Depending on these ratios, different types of hepatic ERs have been described (Table 50-1).
Table 50-1
Flow-Limited Versus Capacity-Limited Elimination of Drugs by the Liver
Type of Hepatic Elimination | Extraction Ratio (ER) | Rate of Hepatic Drug Metabolism |
Flow-limited | High: At clinically relevant concentrations, most of the drug in the afferent hepatic blood is eliminated on first pass through the liver. | Rapid: Because drugs with a high ER are metabolized so rapidly, their hepatic clearances roughly equal their rates of transport to the liver (i.e., hepatic flow). |
Capacity-limited | Low: Hepatic elimination of these drugs is determined by their plasma concentration. | Slow: When the capacity of the liver to eliminate a drug is less than the dosing rate, a steady state is unachievable; plasma levels of drug will continue to rise unless the dosing rate is decreased. Drug clearance has no real meaning in such settings. |
Hepatic metabolic reactions
Phase 1 reactions
Phase 1 reactions are oxidative, reductive, or hydrolytic reactions performed by more than 50 microsomal cytochrome P-450 enzymes (belonging to 17 distinct families, Figure 50-2) that are responsible for more than 90% of all hepatic drug biotransformation reactions. These processes act by inserting or unmasking polar OH, NH2, or SH chemical groups through hydroxylation, N-dealkylation or O-dealkylation, deamination, desulfuration, N– or S-oxidation, epoxidation, or dehalogenation. The resulting more hydrophilic metabolites are passively returned to blood, flow through the liver, and may serve as substrate for subsequent nonmicrosomal (phase 2) conjugation reactions.
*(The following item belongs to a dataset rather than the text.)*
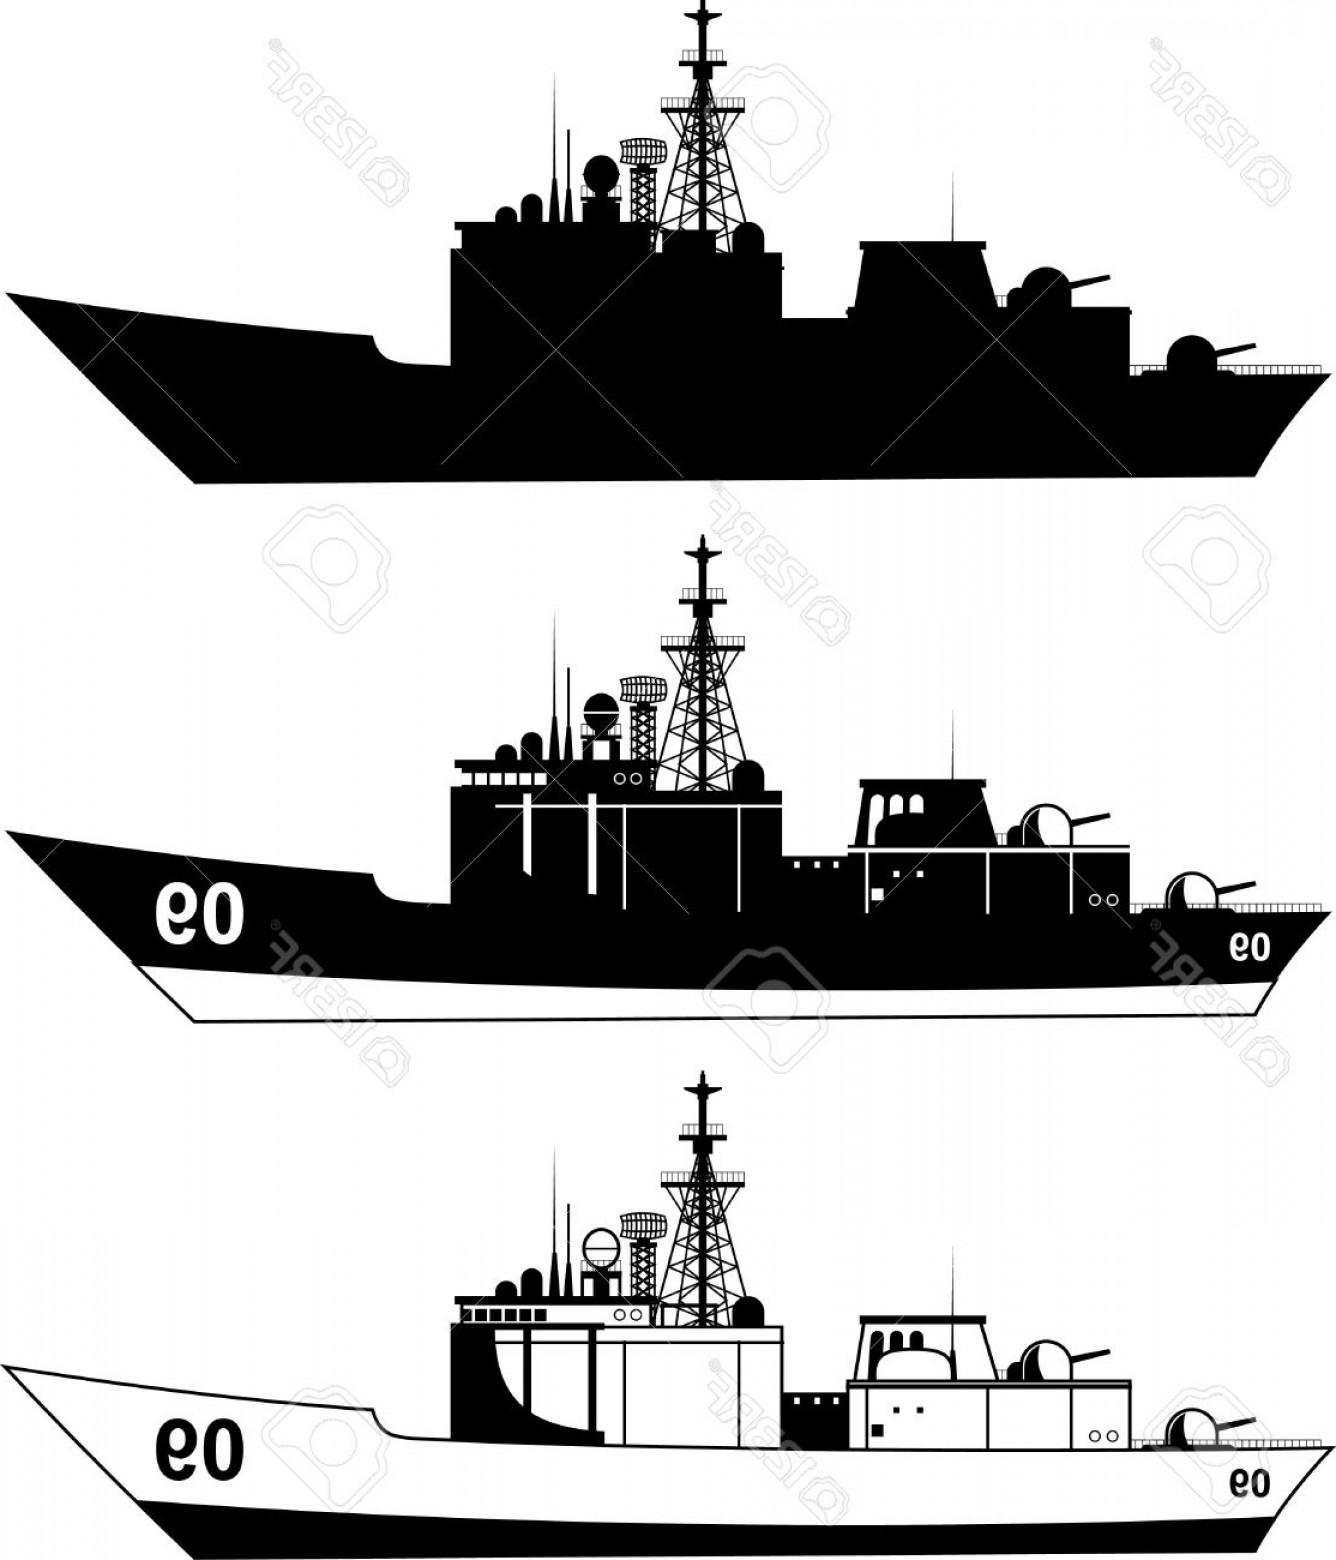 1336x1560 Photostock Vector War Military Ship Vector Illustration Arenawp

Phase 1 reactions are quite variable, exhibiting greater than fourfold differences in maximal metabolic rate, even among healthy people (due to genotype and drug or environmental exposure causing enzyme induction), and are further affected by nutrition status and hepatic disease, including a risk of oxidative stress related to the preferential centrilobular location of phase 1 reactions in zone 3, the area most vulnerable to the development of tissue hypoxia.